● **MATERIAL PROVIDED**:

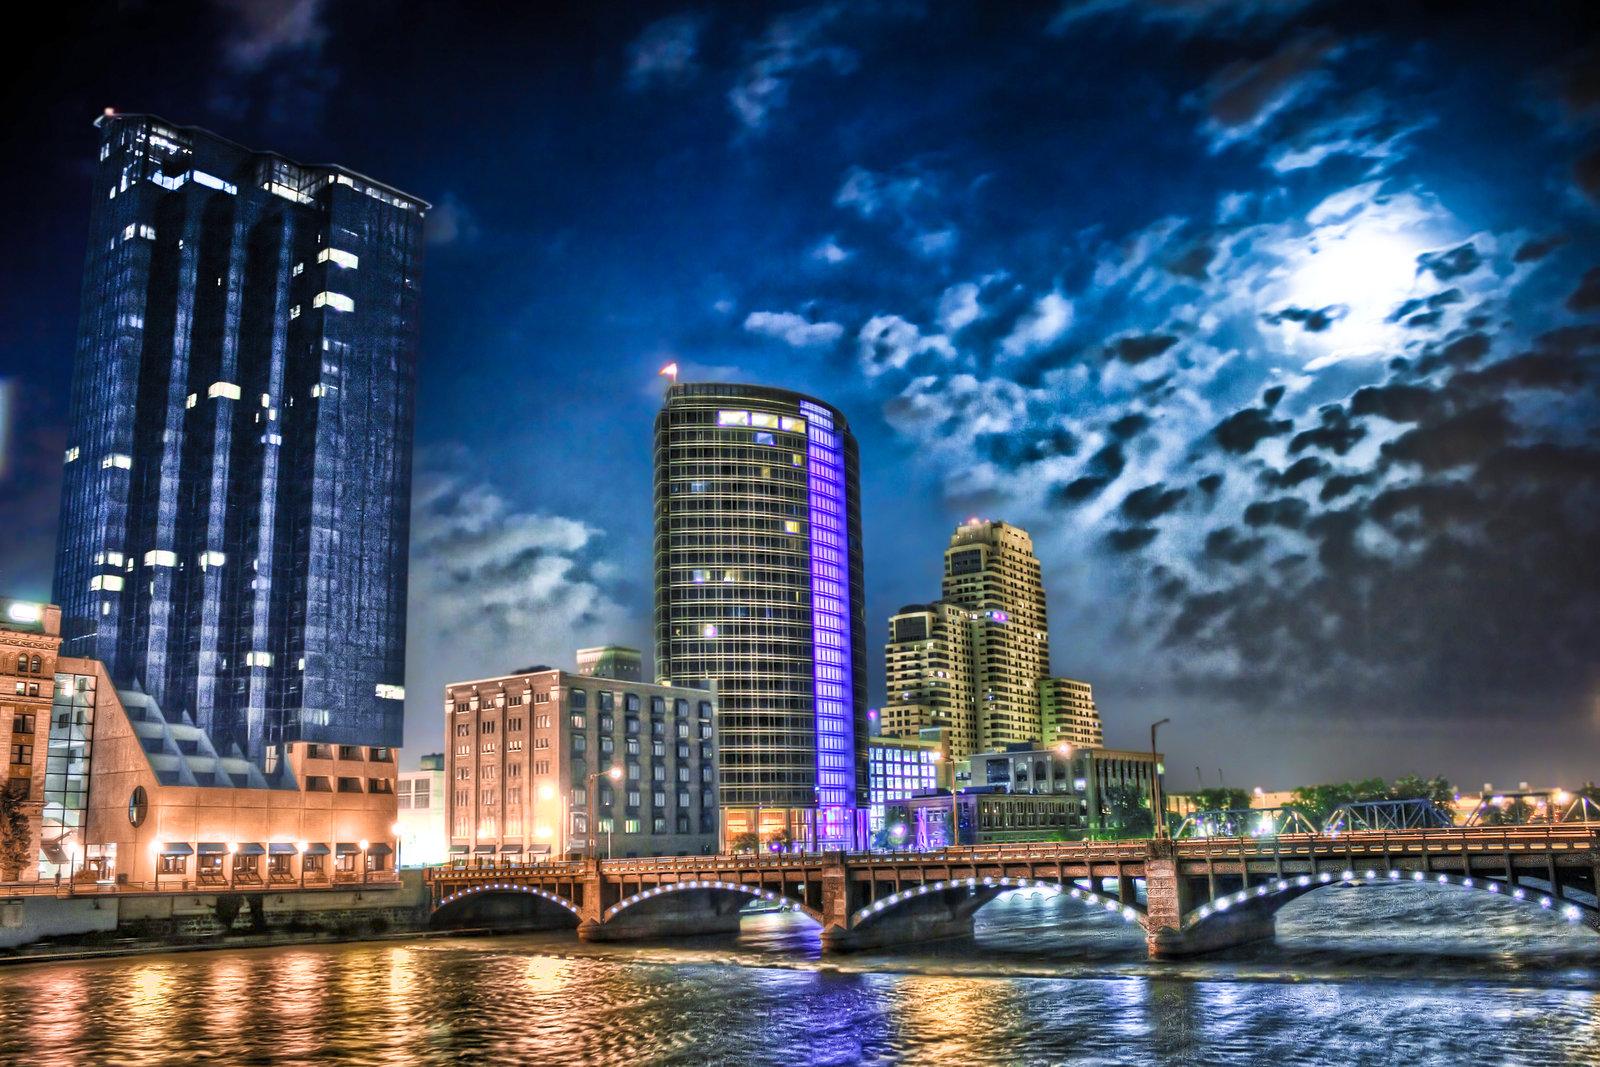 Downtown Grand Rapids by II McCloud II 1600x1067
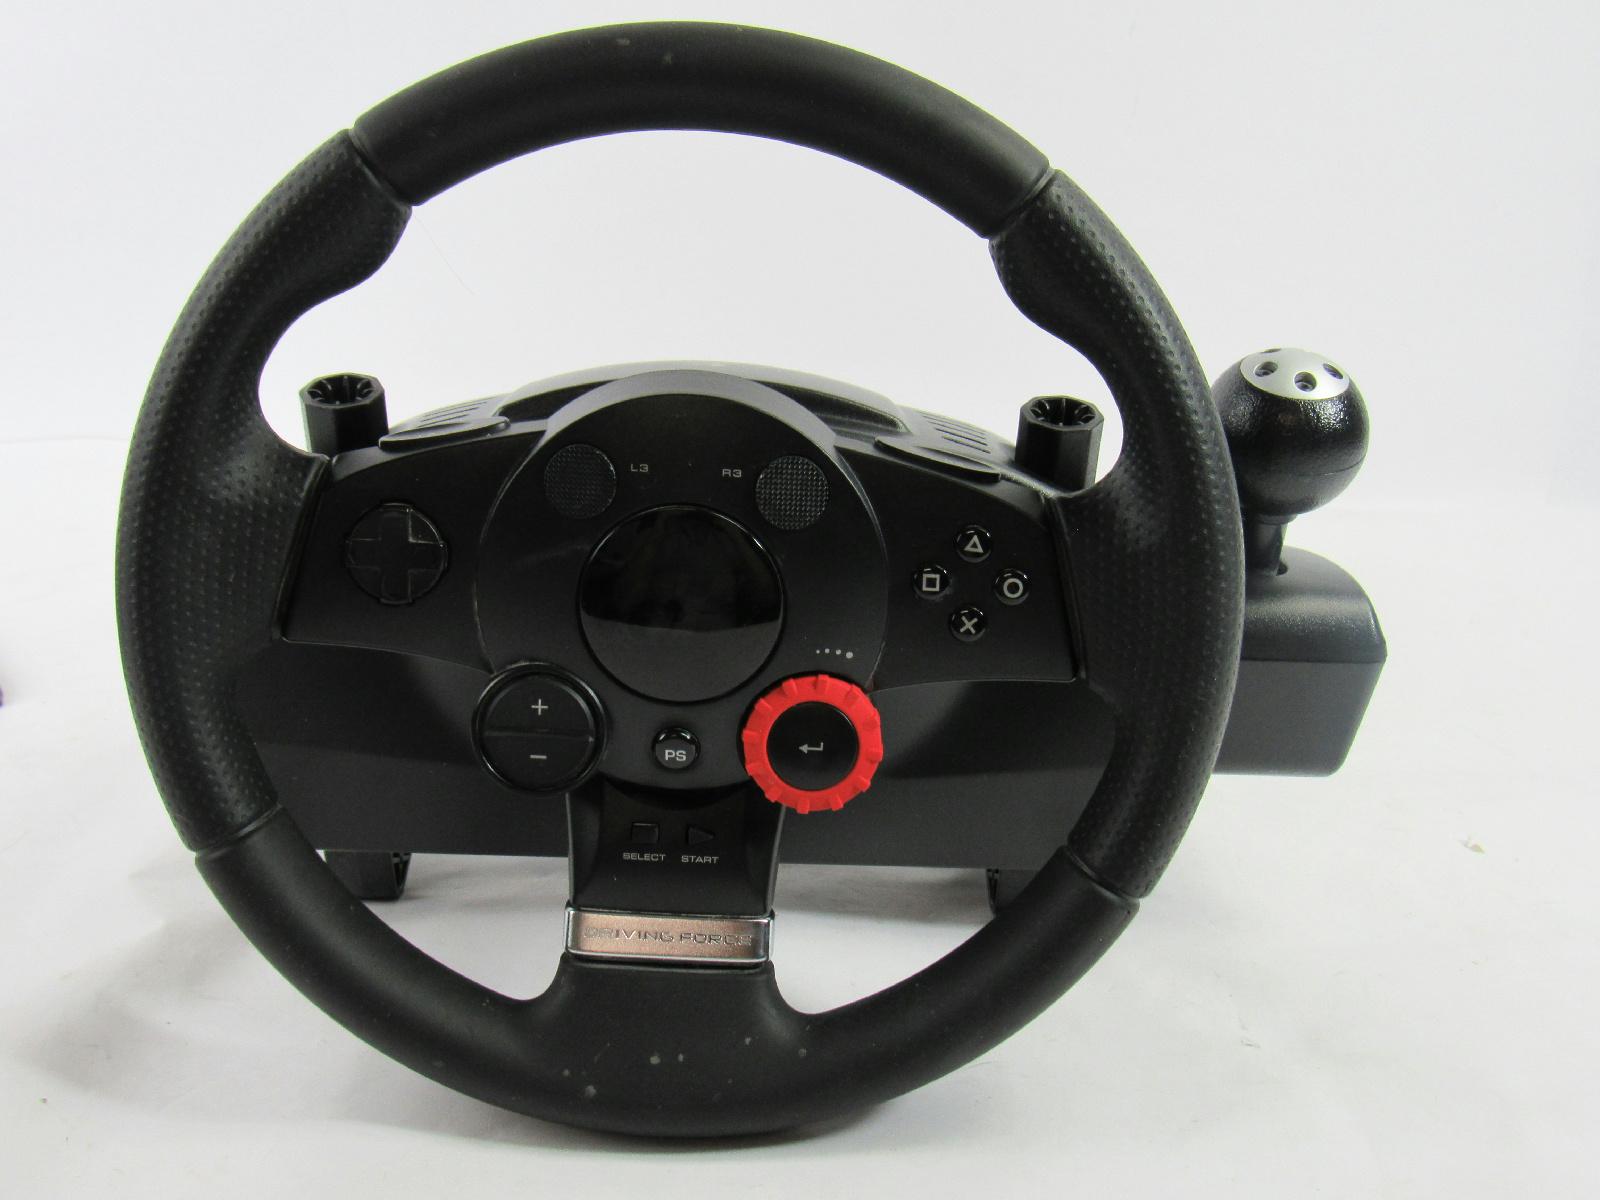 steering wheel pc 2006 dodge ram trailer wiring diagram driving force gt ps3 gaming
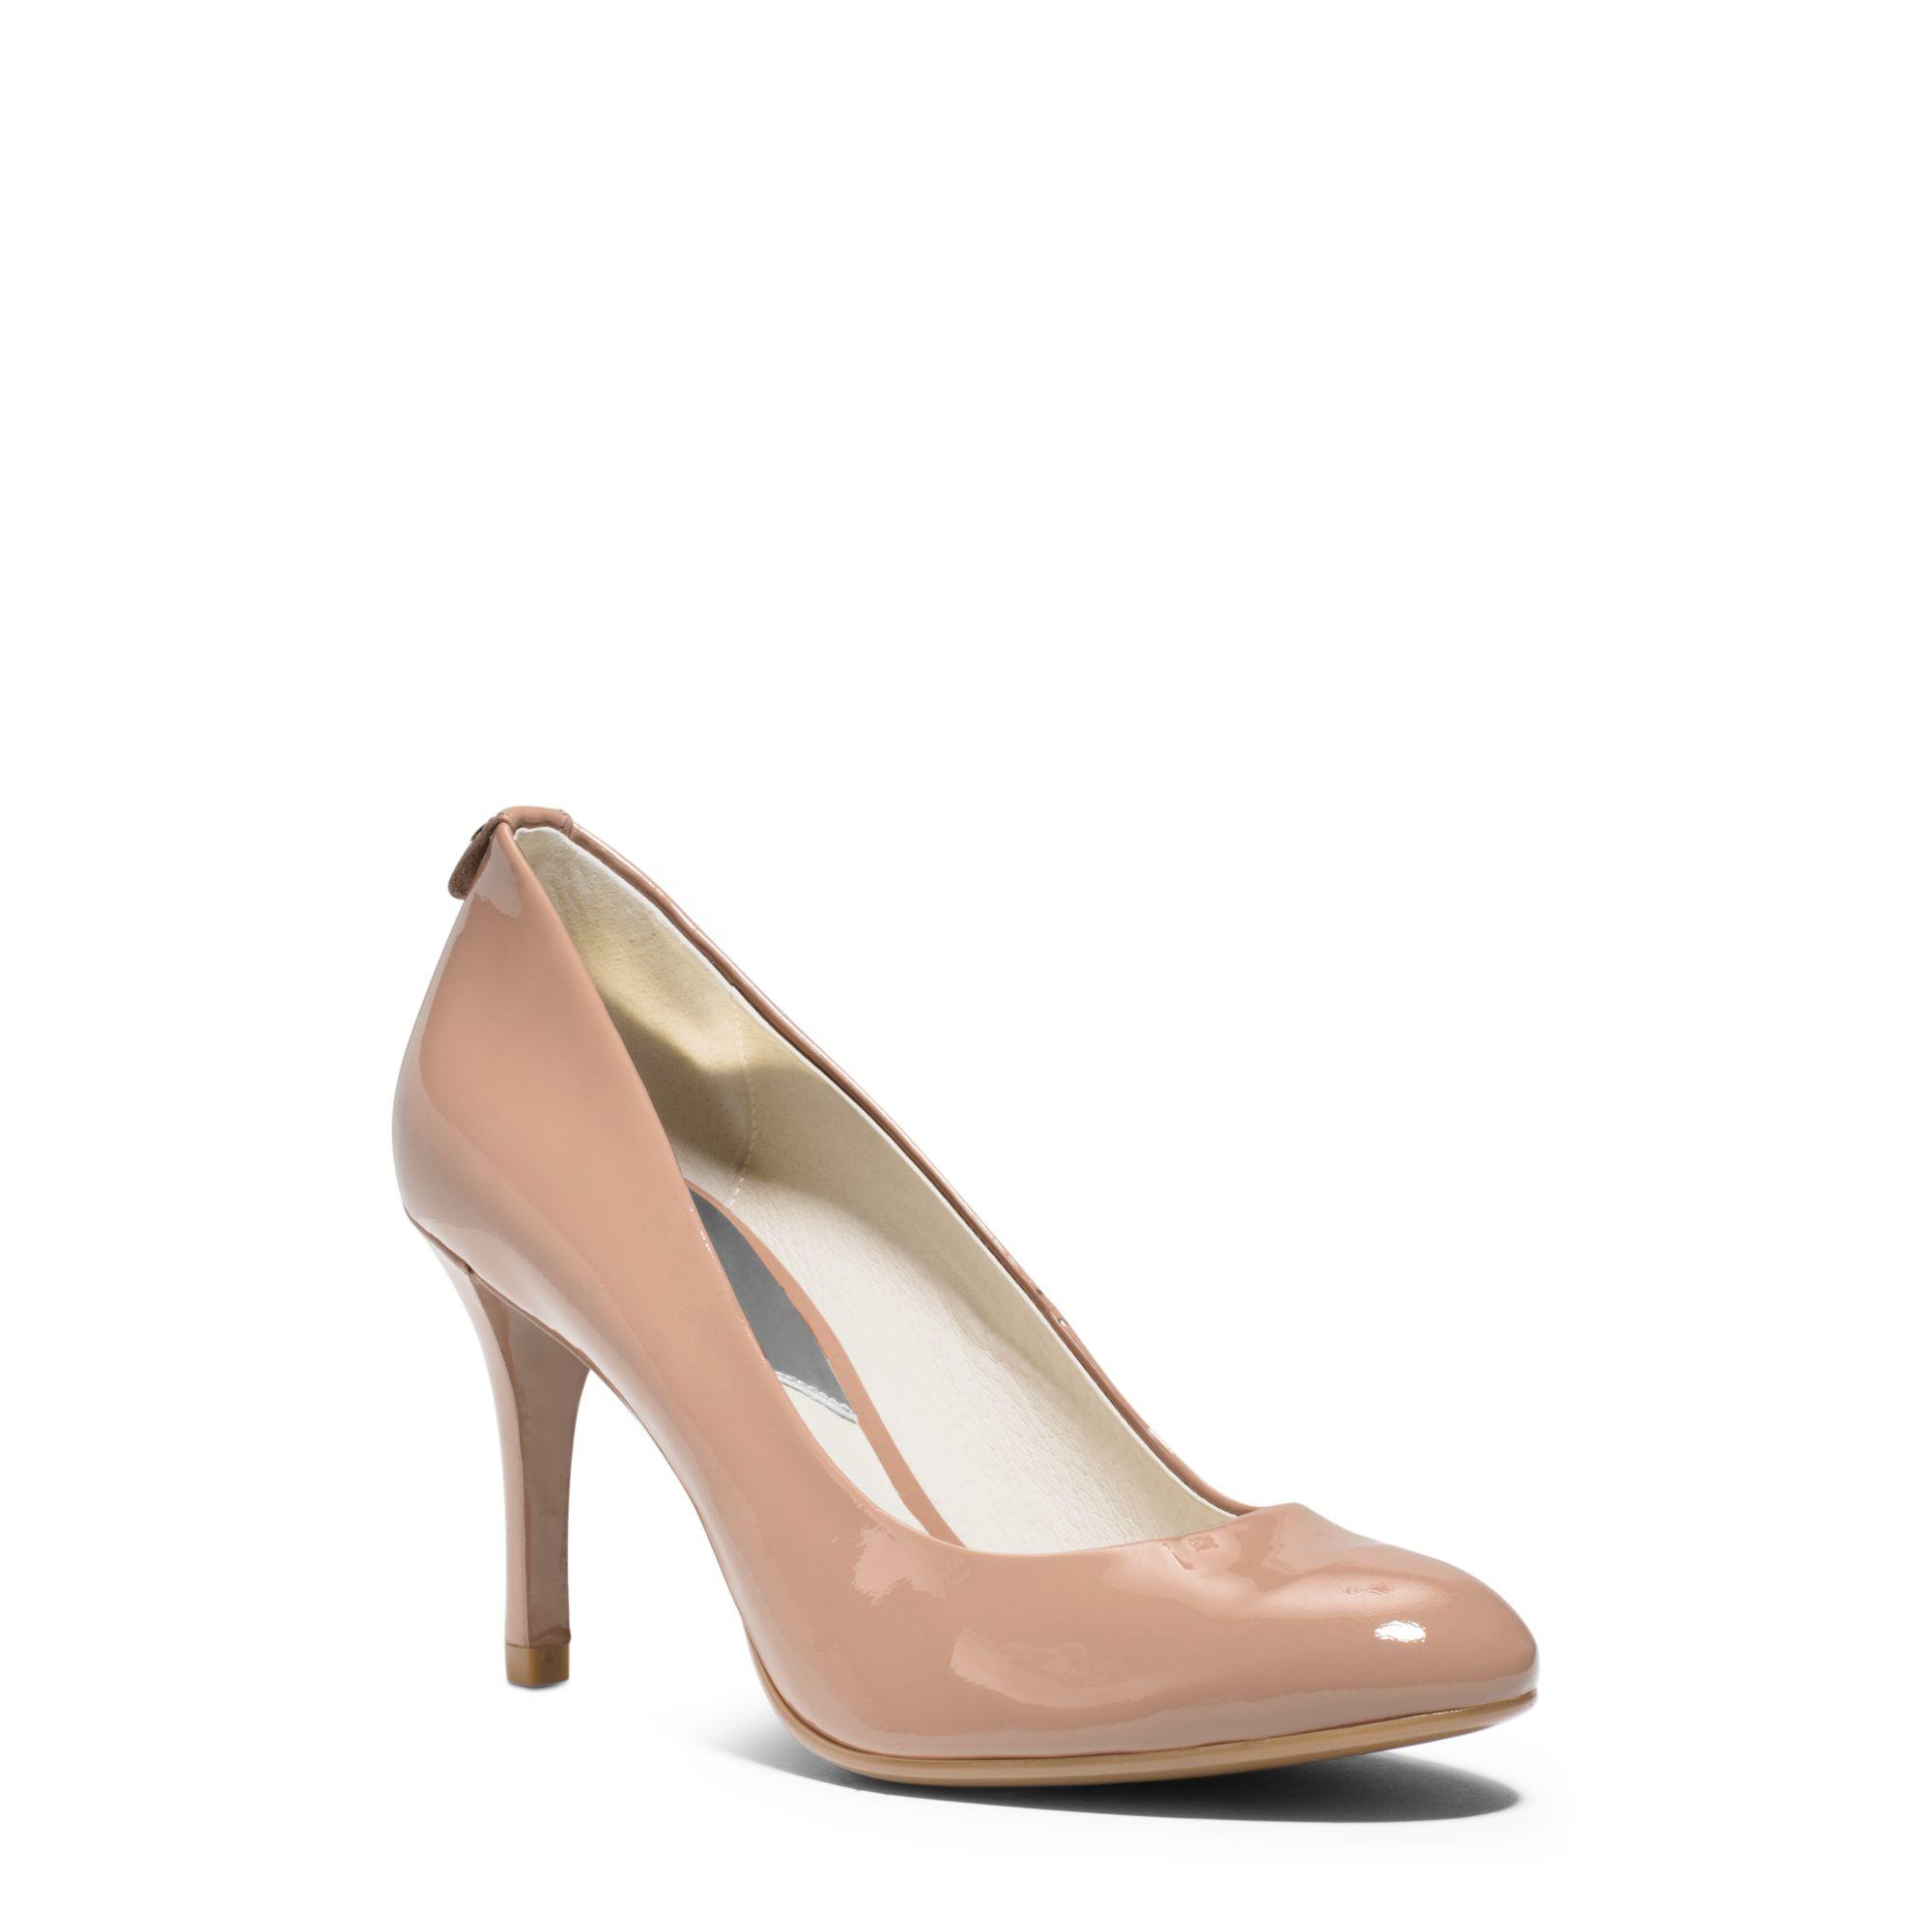 Lyst - Michael Kors Flex Patent-Leather Mid-Heel Pump In Pink-3386

● **TO DO**: Set down again, exactly, the lines from the one with "steering wheel pc" to the last line of the data, both included and pictures excluded.

● **RESPONSE TO THIS TASK**:
 steering wheel pc 2006 dodge ram trailer wiring diagram driving force gt ps3 gaming
 Lyst - Michael Kors Flex Patent-Leather Mid-Heel Pump In Pink-3386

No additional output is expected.